A weaker US dollar has given large multinationals a timely boost to their bottom lines this earnings season, offsetting higher costs related to President Donald Trump’s tariffs. From April to June, brands with significant overseas sales reported better results or raised their outlook, with overseas profits translating into more dollars.
Levi Strauss, Netflix, Pepsi and 3M each cited exchange gains like a tailwind. The move helped ease planning constraints created by changing trade rules and rising import prices. Analysts said the currency move could keep earnings momentum intact if it persists.
How a weaker dollar helps
When the dollar falls, sales made in euros, yen and other currencies are converted into more U.S. dollars. This can increase revenues and profits for companies with a broad international reach. It can also make U.S. products more price competitive overseas, supporting volume.
For many multinationals, exchange rates can influence results as much as demand. A weak dollar can also blunt the impact of tariffs by widening foreign margins. This buffer emerged as businesses faced higher input costs and complex supply-side shifts under trade measures.
“Dollar weakness may be another source of upside that helps solidify the narrative of a very strong earnings season,” said Angelo Kourkafas, senior global investment strategist at Edward Jones.
Customs tariffs are still biting
Tariffs have increased the costs of imported materials and finished products. This has forced companies to rethink their budgets and pricing. Many passed on some costs to customers.
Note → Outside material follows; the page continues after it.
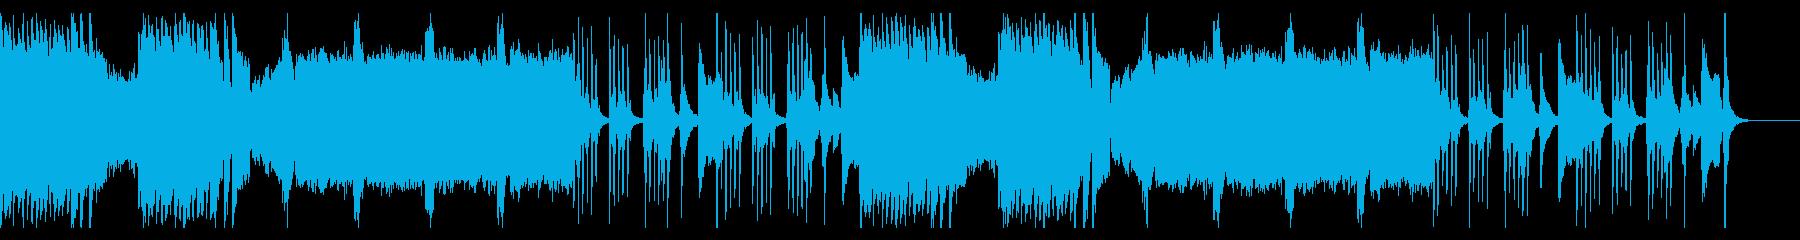 ダークでゆっくり、ハロウィンのムードの再生済みの波形

Others have cut spending or reorganized their supply chains to limit the damage.
Currency fluctuations don’t help everyone. Import-heavy companies that sell primarily to the United States benefit less from a weaker dollar and could still face margin pressures. If the dollar rebounds, the recent surge could fade.
Company Highlights
- Levi Strauss reported stronger second-quarter results, with foreign sales translating into higher dollar revenues.
- Netflix said international growth contributed to its profits, thanks to favorable exchange rates.
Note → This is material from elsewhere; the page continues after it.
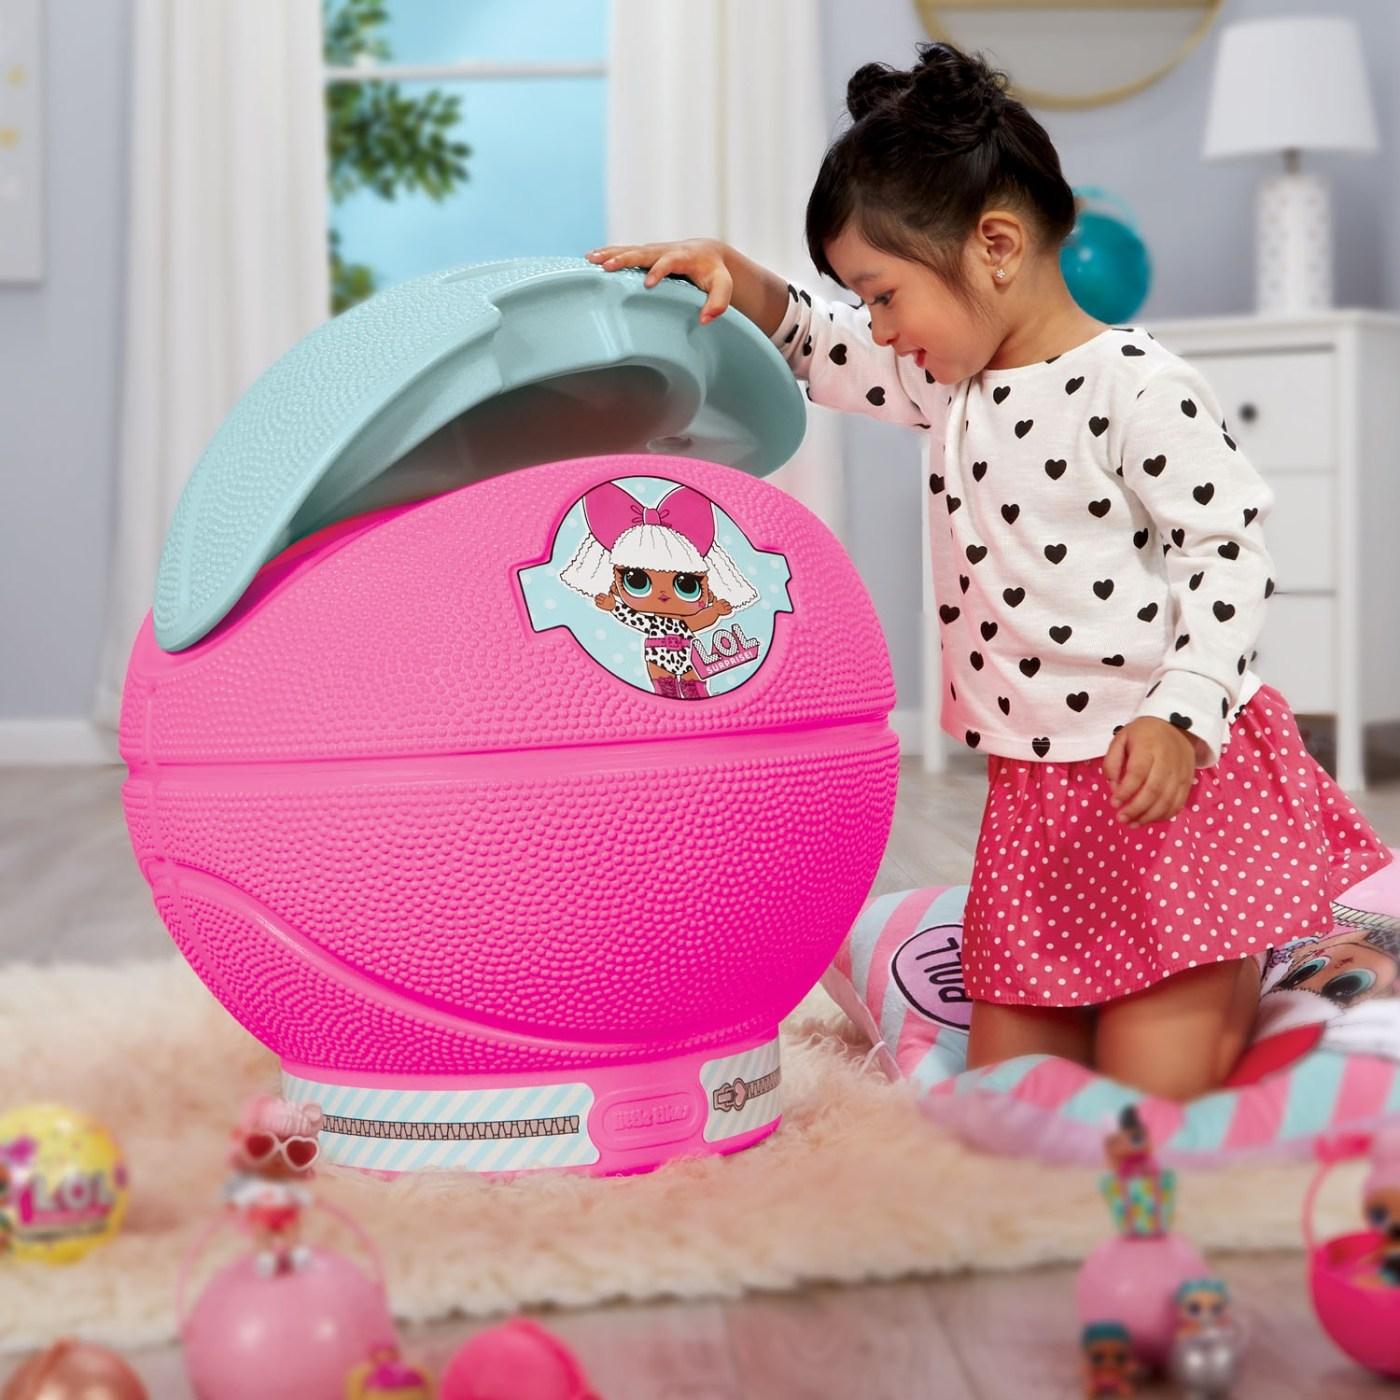 LOL Surprise Storage Toy Chest

- Pepsi raised its annual forecast, citing healthier overseas conversion in addition to stable demand.
- 3M highlighted a currency tailwind that supported its forecast despite rising input costs.
These companies span clothing, streaming, beverages and industrial products. Their common thread is broad global exposure. The currency helped smooth out uneven demand trends and cushion tariff costs during the quarter.
Impact and risks on the industry
Consumer brands often benefit the most from a weak dollar, given their strong presence abroad. Technology and entertainment companies with a global subscriber base may also see rapid gains. Industrial groups could see mixed effects, as rising raw material costs and tariffs pull in the other direction.
Risks remain. Currency trends can reverse quickly. Central bank movements, inflation trajectories and growth data could change the direction of the dollar. A stronger dollar would reduce recent gains. Protracted trade disputes could also put pressure on supply chains and capital spending.
What analysts are looking at
Wall Street will track three variables in the coming months. First, the question of whether the dollar will remain weak until the end of the year. Second, how much of the tariff burden can businesses offset through pricing and efficiency? Third, is global demand resilient enough to support volume growth?
Management teams are signaling caution. Many are maintaining cost control while taking advantage of rising exchange rates to protect their margins. Some hedge their exposure further to lock in current rates. Others are revising their contracts to share tariff costs with suppliers or customers.
For now, the weak dollar has given multinationals room to maneuver. This helped turn a difficult quarter into a more stable quarter for several household names. The next test will be whether monetary support persists as trade policies evolve. Investors should watch forecasts for signs of lasting benefits and how companies plan to manage costs if the dollar strengthens again.